Note that this publication was originally written for the ACC Docket — an in-house lawyers publication. Original link below.
As legal counsel, we spend most of our days communicating with our business partners, colleagues, opposing counsel, and many other stakeholders. Whether it’s writing an email, drafting a contract, or advising our clients over the phone (or Zoom), we provide our value through resolving issues and explaining risk mitigation processes through communicating. A significant portion of our careers is based on understanding information presented to us and communicating information back to support our organizations to make important decisions.
We believe that our role is critical to the business. But for some, it may not be as evident. Lawyers are often perceived in a negative light: pretentious, arrogant, and sealed in a vacuum, speaking their own language. Although ACC’s Chief Legal Officers (CLO) Survey articulates that four out of five CLOs report directly to the CEO of the organization, demonstrating that our services are critical to the business, ensuring we maintain that level of engagement at all levels of the business is also important.
As a lawyer for a university, I deal with various people — academics, administrative staff, senior management, and corporates — some who are familiar with legal concepts and others who hear “indemnity” and think it’s a disease. As such, I’ve found that there are three key things that have helped me to improve my communication, provided assistance, and demonstrated my value to the organization.
1. Speak the language of the business
Every organization has its own way of speaking. There are concepts and issues that are specific to those industries and businesses and it’s important for legal counsel to use this terminology to play on the same level as their business partners.

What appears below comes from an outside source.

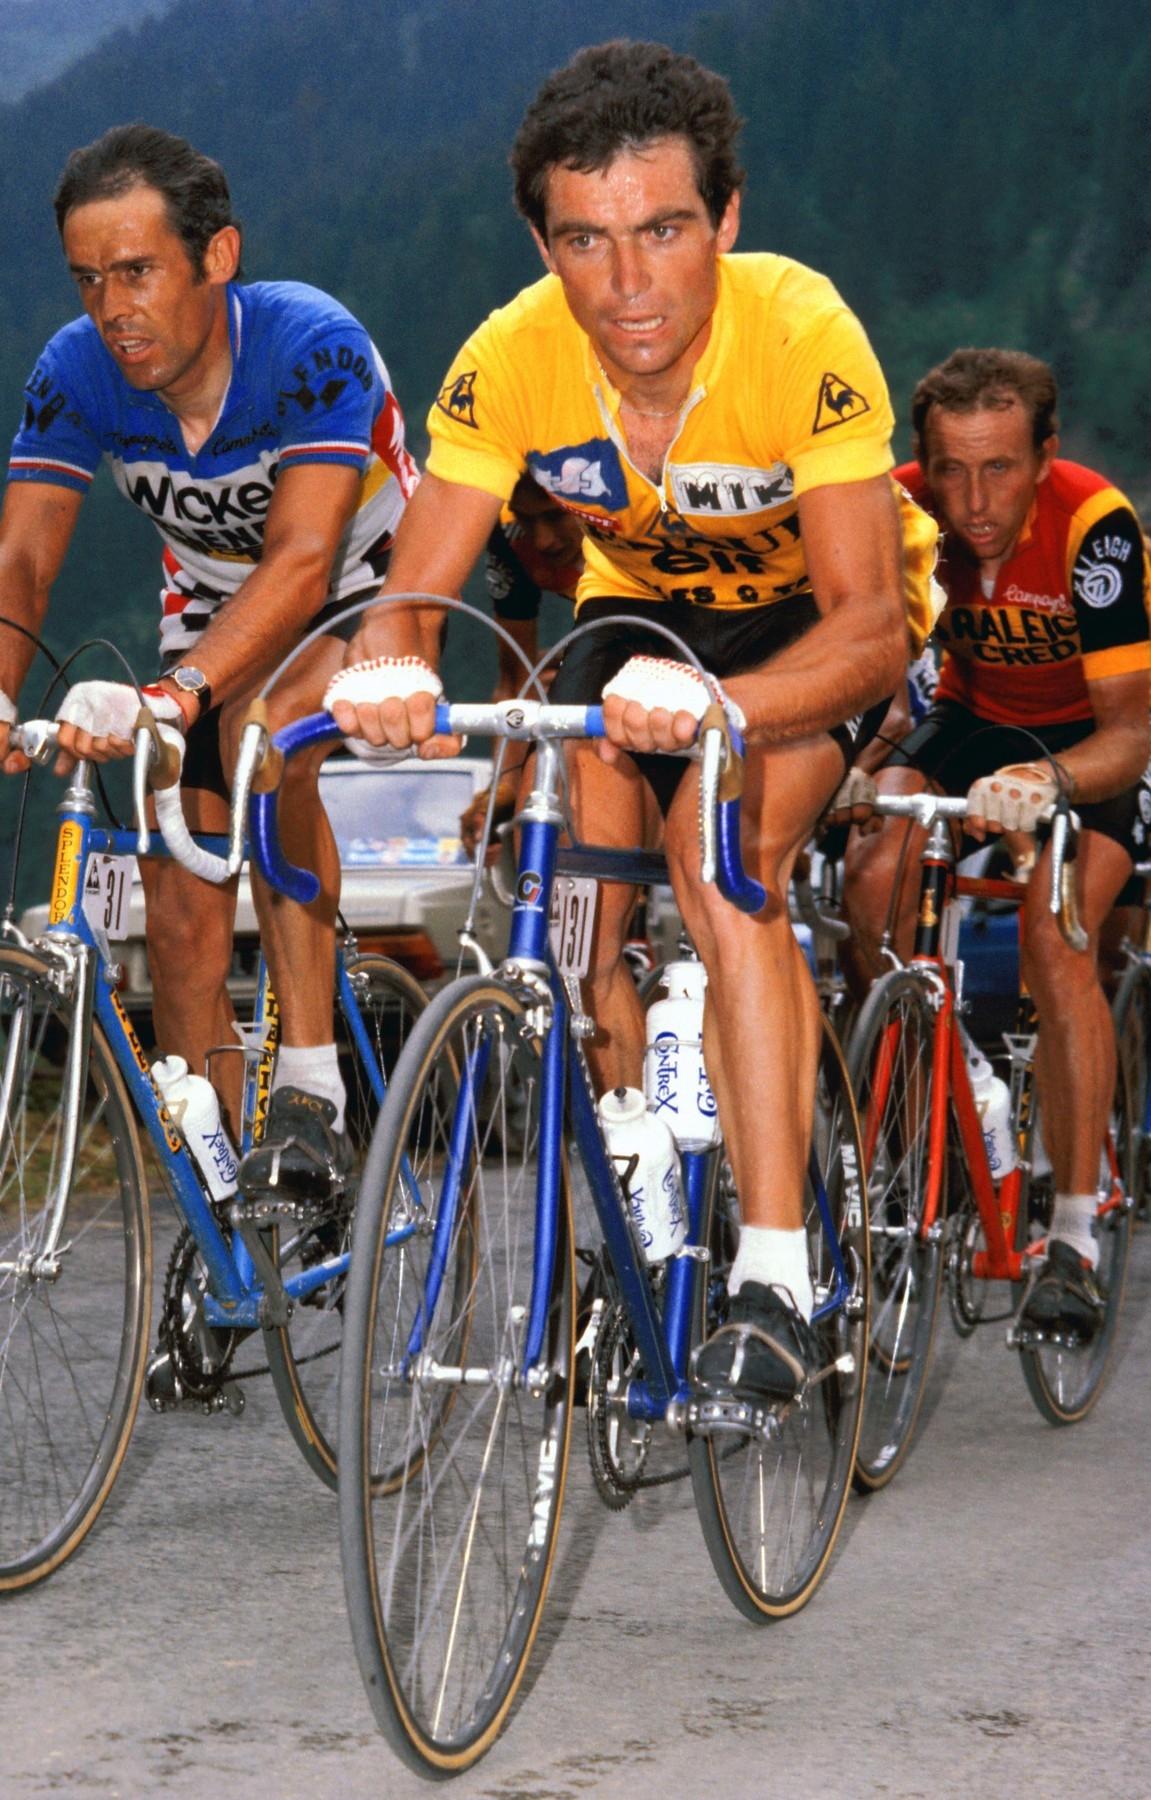 Bernard Hinault na čele skupiny při Tour de France. Zcela vpravo Zoetemelk, vítěz ročníku 1980. Foto: profimedia

At the university where I work, we certainly have our own language that uses strings of acronyms. When most people hear “VC,” they think “venture capital,” but in a university it means “Vice Chancellor.” The term “DVCR” may sound like the latest form of technology to watch movies, but in this field, means “Deputy Vice Chancellor of Research.”
For me, being able to speak the language as my colleagues demonstrates my knowledge of the sector and the organization for which I work.
In addition to speaking the organization’s language, it’s also important to speak the same language as the business unit you are advising. For example, if you are speaking with the marketing department, try using terms such as “talent release forms” instead of “privacy consent forms.”
Using terminology that they may be familiar with such as “leads,” “CRM,” or “the brand” allows you to build your relationship because it shows that you listen to them. Listening to those who you are working with allows for a relationship for trust to form, ultimately assisting you to become part of the business decisions
2. Keep it simple
Once upon a time when we were law students, it probably made sense to use Latin, speak in technical legal language, and recite case law because it assisted us to demonstrate our legal knowledge to our professors. The problem is, when you’re in-house, your knowledge is assumed, and you are there to provide advice and support.
Our legal communications need to be clear enough to understand and succinct to allow busy people to make a decision. It’s all about using “plain English.” From the book Clear and Concise by Susan McKerihan, she states,
“Using plain English enables the reader to focus on the message, rather than being distracted by difficult language or complicated sentences.”
By articulating our legal advice to our business partners in plain English, it demonstrates that while we are experts in our field or a particular area of law, we are also skilled in explaining complex messages clearly, which benefits everyone!
Using plain English doesn’t mean dumbing the message down though. I know that my academic clients are incredibly talented, but are not experts in the area of law. So, I use some technical terminology and discuss complex subjects but articulating it in everyday “concrete” words, rather than abstract terms that sound intelligent.
3. Structure it
Often the way we present information affects how others may digest it. With people receiving on average 122 work emails daily, and 112.5 billion business emails sent each day, it’s difficult to get the attention of the reader when your email is just another in the pile.
I’ve often dreaded receiving those long emails in one singular block of text dropping into my inbox — I struggle to understand what’s going on and it requires more concentration to figure out if I need to action something from it.
Often using headings, bullet points, and short sentences are useful, practical ways to make your emails more digestible. Another method I’ve adopted is the “What? So what? Now what?” approach to presenting legal advice.
- What? is where you pose the question you’ve been asked and some basic facts.
- So what? is the application of the law, the organizational circumstances, and the facts together.
- Now what? is the solution to the problem and the legal advice which ultimately answers the question.
Matt Abrahams said that “communication structures served as scaffolding for our messages” and our message as legal advisors is critical to be heard, viewed, and considered. Being able to present advice and communications in a clear format allows for it to be more useful to our clients.
Ultimately, legal counsel provide their value through clearly articulating their technical legal advice in simple terms and in a reader-friendly format. We should strive to cut through the noise and get to the point, allowing our business partners to make decisions fully informed of the risks. As James Humes, a speechwriter for five US presidents once said, “The art of communication is the language of leadership.”